Ulmus glaucescens

Scientific classification
- Kingdom: Plantae
- Clade: Tracheophytes
- Clade: Angiosperms
- Clade: Eudicots
- Clade: Rosids
- Order: Rosales
- Family: Ulmaceae
- Genus: Ulmus
- Subgenus: U. subg. Ulmus
- Section: U. sect. Ulmus
- Species: U. glaucescens
- Binomial name: Ulmus glaucescens Franch.

= Ulmus glaucescens =

- Genus: Ulmus
- Species: glaucescens
- Authority: Franch.

Species of tree

Ulmus glaucescens Franch., the Gansu elm, is a small deciduous tree from the northern provinces of China, where it is found along river valleys and on mountain slopes at elevations of 2000-2600 m.

==Description==
Although typically no more than 10 m in height, U. glaucescens can occasionally reach 18 m. Slow growing, the tree is possessed of a stiff branching pattern resembling that of a young American elm. The bark is longitudinally fissured and occasionally exhibits a peeling, mottled pattern. However, the tree is most easily distinguished by its small leaves; ranging from ovate to lanceolate, their size rarely exceeds 5 cm in length by 2.5 cm breadth, and are borne on twigs devoid of corky wings or layers. The perfect wind-pollinated apetalous flowers are produced on second-year shoots in March-April; the samarae are elliptic, < 25 mm long, and can remain on the tree until the end of May.

==Pests and diseases==
The tree is resistant to Dutch elm disease; it is also very resistant to the elm leaf beetle Xanthogaleruca luteola.

==Cultivation==
The tree is notable for its resistance to extreme drought which, combined with its high resistance to the elm leaf beetle in the United States, has made it a contender for establishment on the Great Plains. Like most other Asiatic species, it is intolerant of wet ground. The tree is very rare in cultivation, but was one of a number of Chinese elms assessed for their horticultural potential at the Morton Arboretum, Illinois, during the last quarter of the 20th century. It is not known to have been introduced to Australasia. There are no known cultivars of this taxon, nor is it known to be in commerce.

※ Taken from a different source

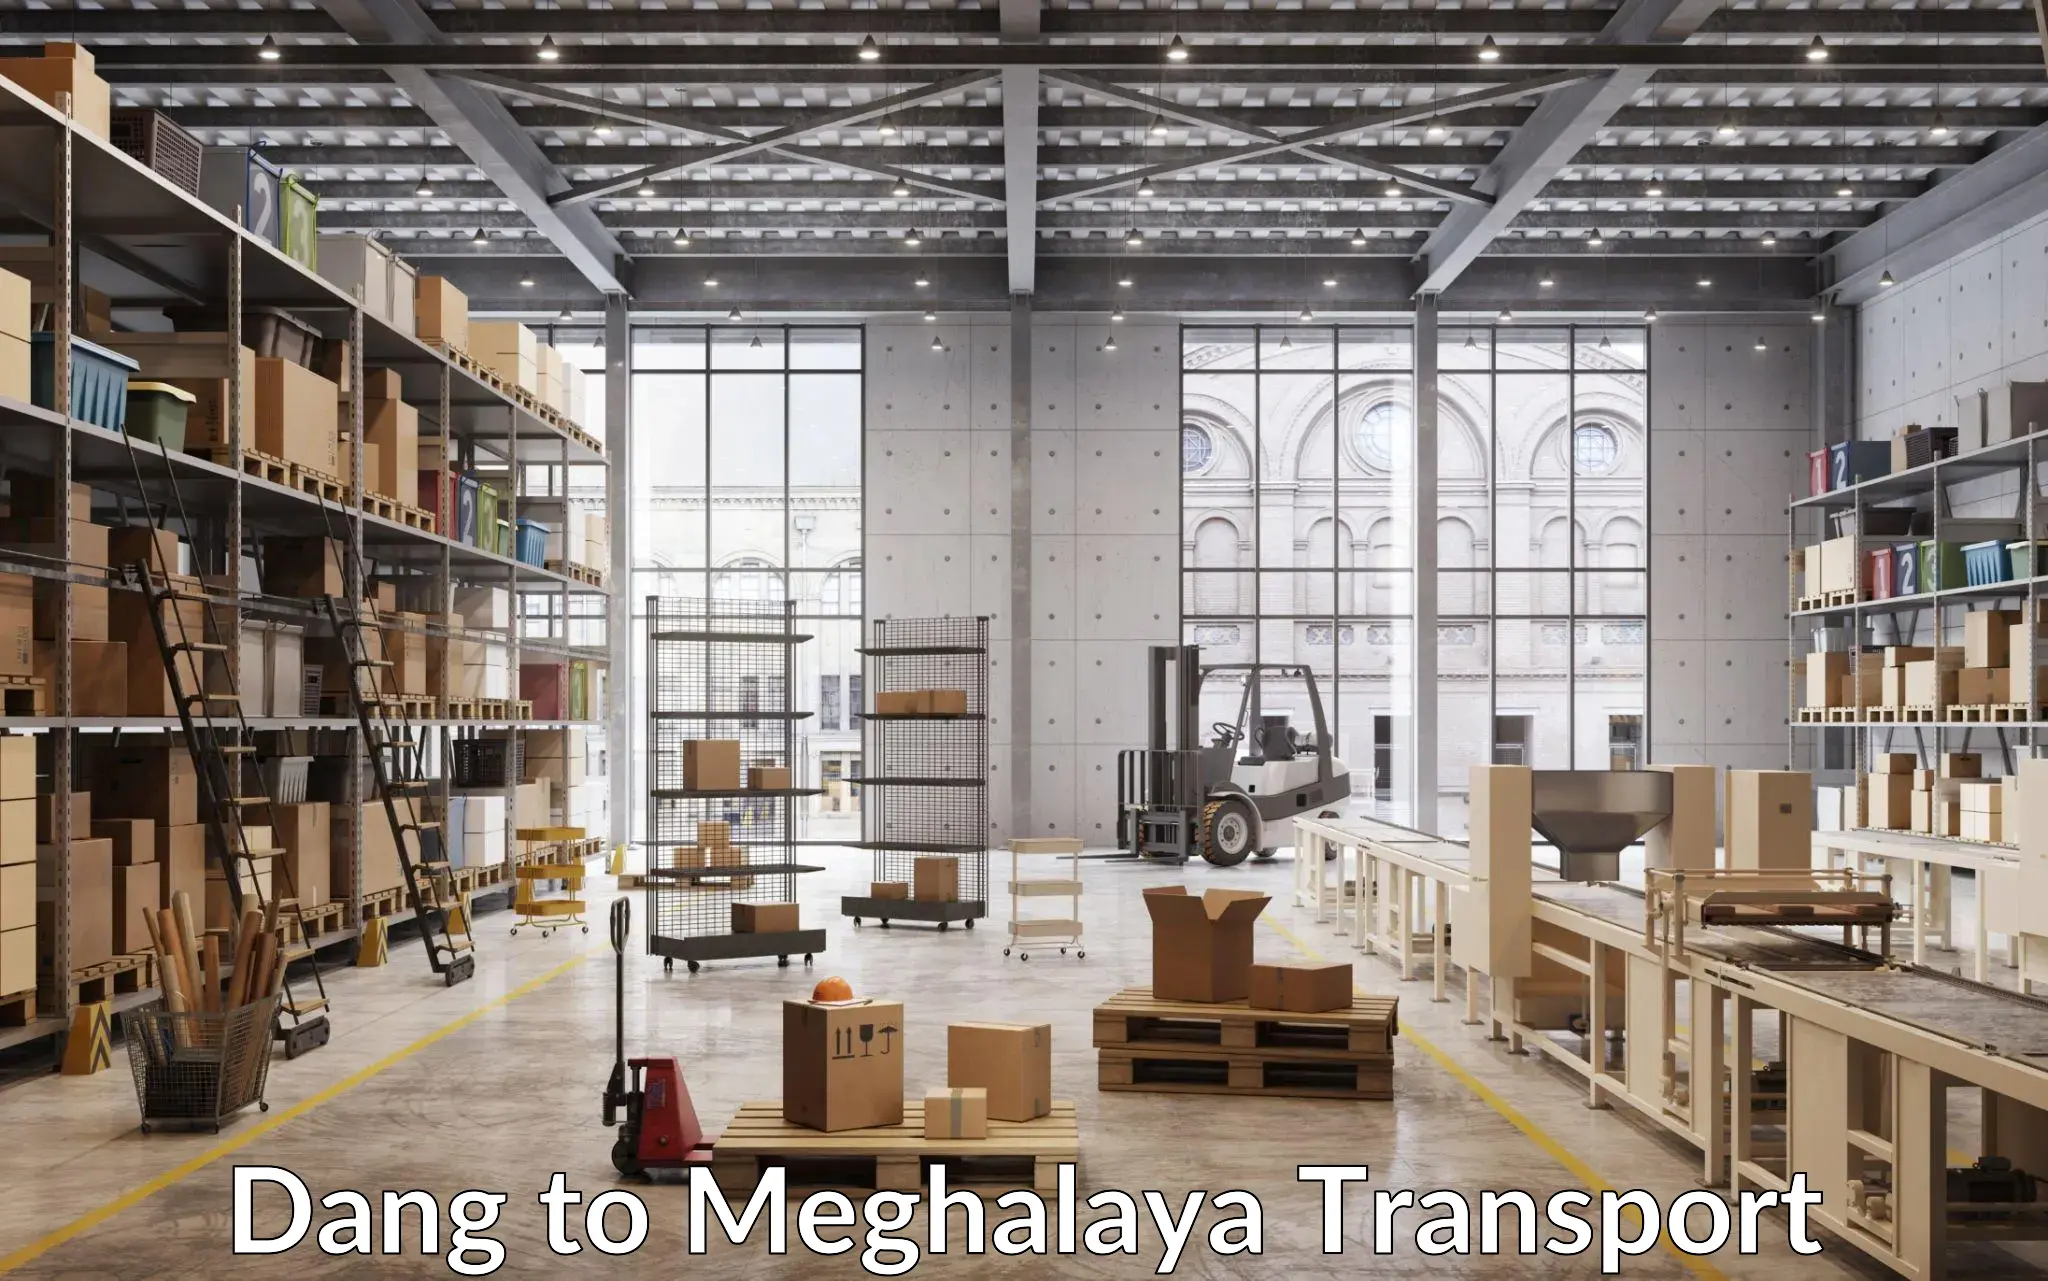 Furniture transport service Dang to Meghalaya

==Subspecies & varieties==
Two varieties are recognized: var. glaucescens Rehder, and var. lasiocarpa L.K.Fu.

==Accessions==
- North America
- Brenton Arboretum, US. No accession details available.
- Morton Arboretum, US. Acc. nos. 429-2008, 537-76, 486-2016, 708-2016, 729-2016.
- United States National Arboretum Washington, D.C., US. Acc. nos. 76225, 76226, 76243, 76248.
- Europe
- Grange Farm Arboretum, Lincolnshire, UK. Acc. no. 1130.